The uniforms of all the armies in the world were once made in this corner of Yorkshire, according to local lore. The town is thus literally a part of the fabric of the nation. Dewsbury was the centre of the ‘Shoddy and Mungo’ industry, an early nineteenth-century method of recycling old rags or rejected inferior cloth into new wool. The landmark Machell Brothers’ Shoddy and Mungo mill, although long since converted into flats, retains its sign in foot-high letters a hundred feet wide. The sign describes the raw materials: mungo was Yorkshire for ‘mustn’t go’, while shoddy has since entered the English language.

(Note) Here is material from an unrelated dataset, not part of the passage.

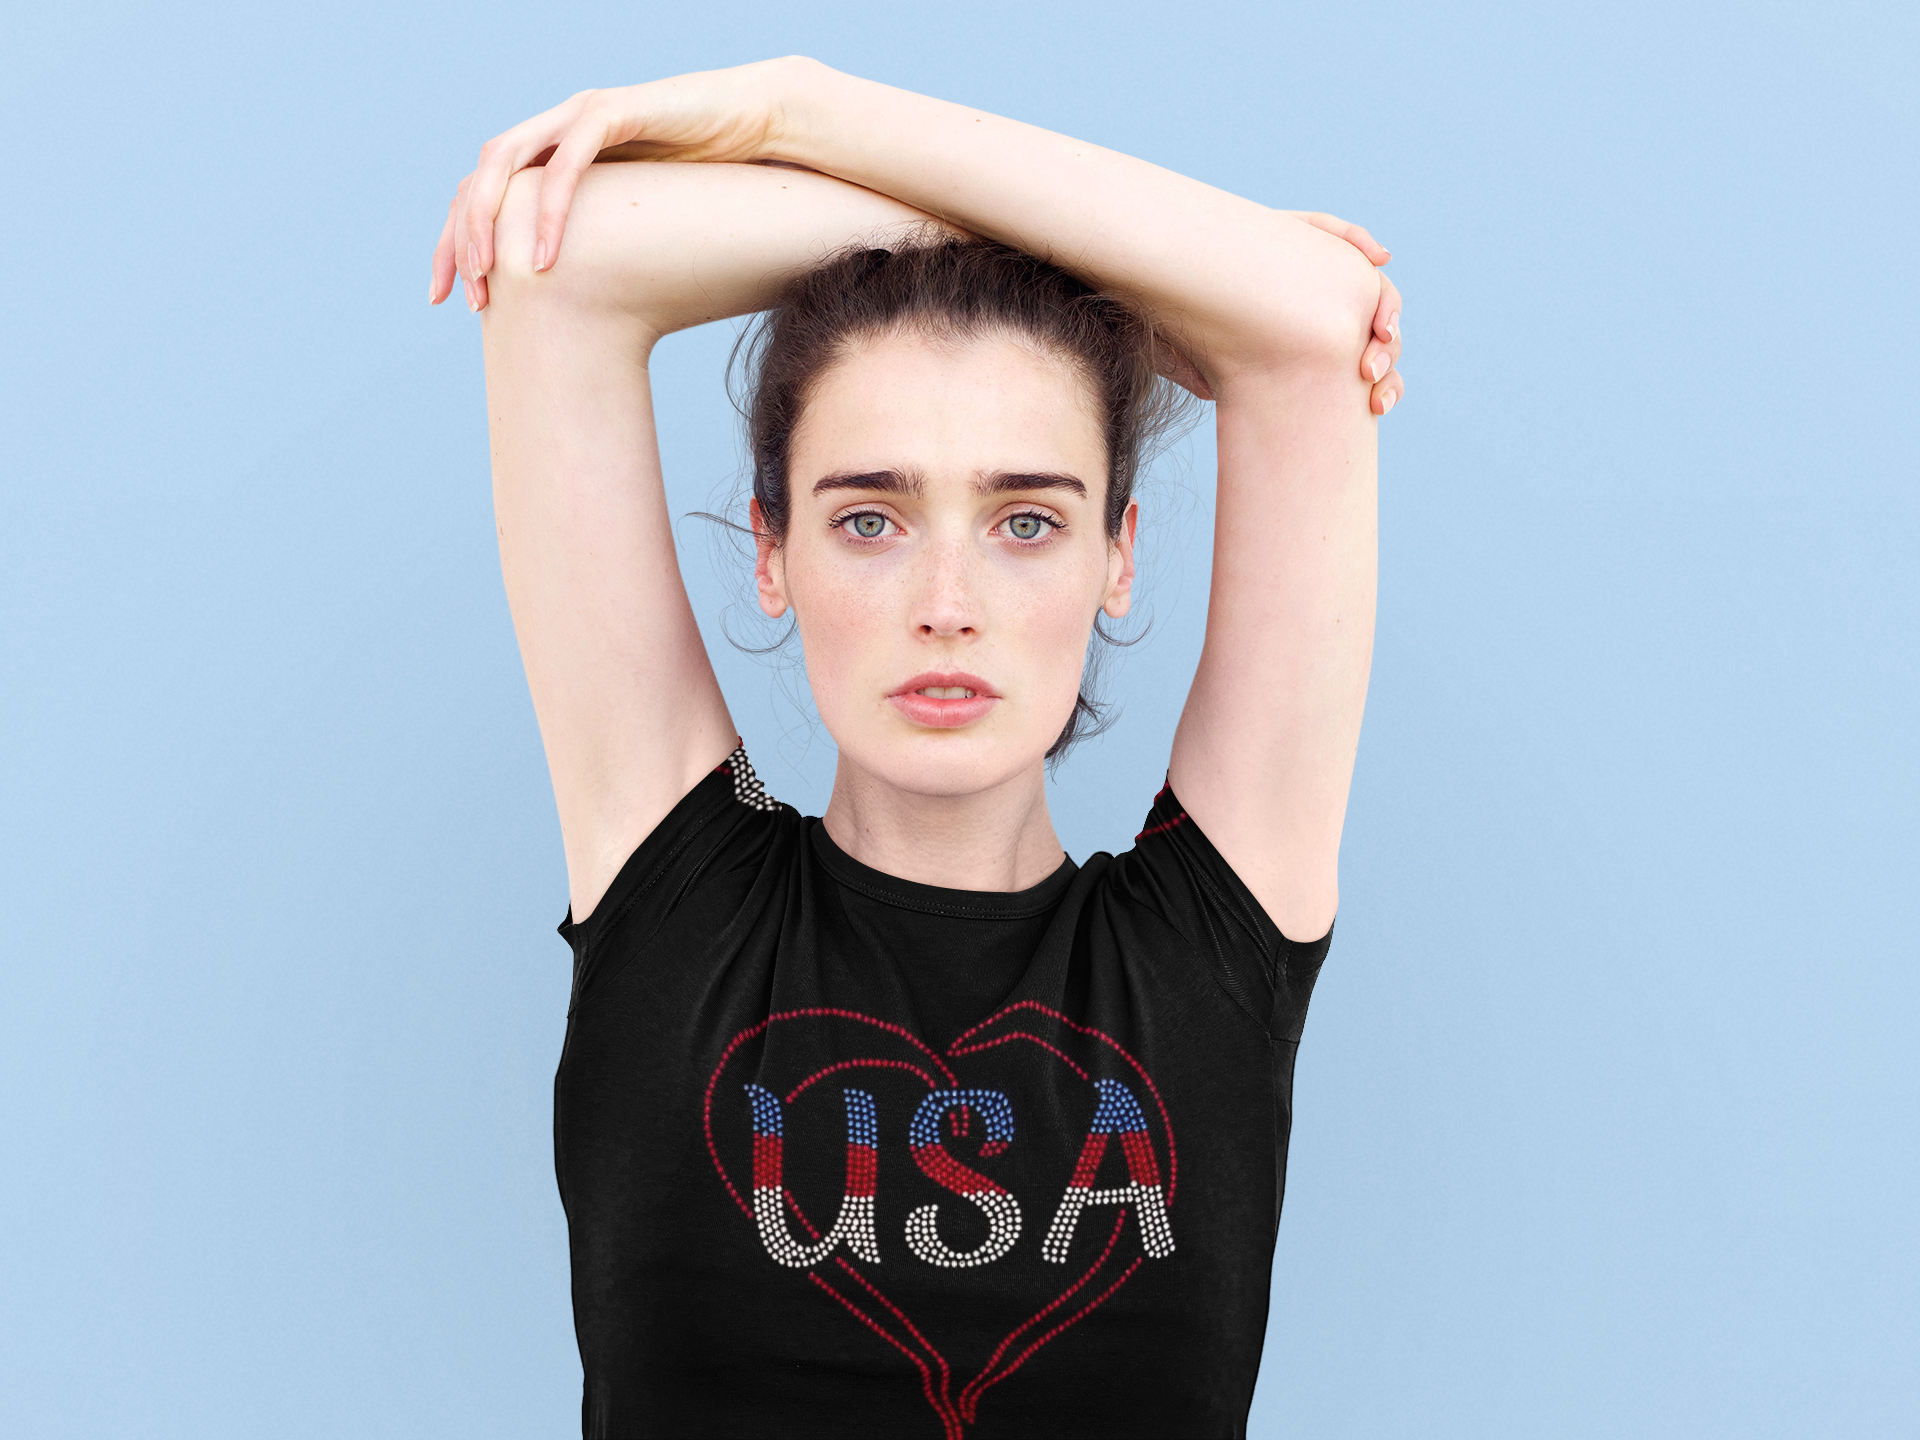 USA with Heart T-Shirts

Dewsbury presents other impeccable English credentials, including very early Christian ones. A Saxon minster church stands on the banks of the River Calder on the spot where, according to legend, St Paulinus, the first Bishop of York, preached in the early seventh century. So the crosses brandished by Jayda Fransen and the others do have a kind of resonance here – as does their demonstration itself, in fact, because Dewsbury is no stranger to working-class protest. During the Industrial Revolution, the town was a noted centre of Luddite and then Chartist agitation.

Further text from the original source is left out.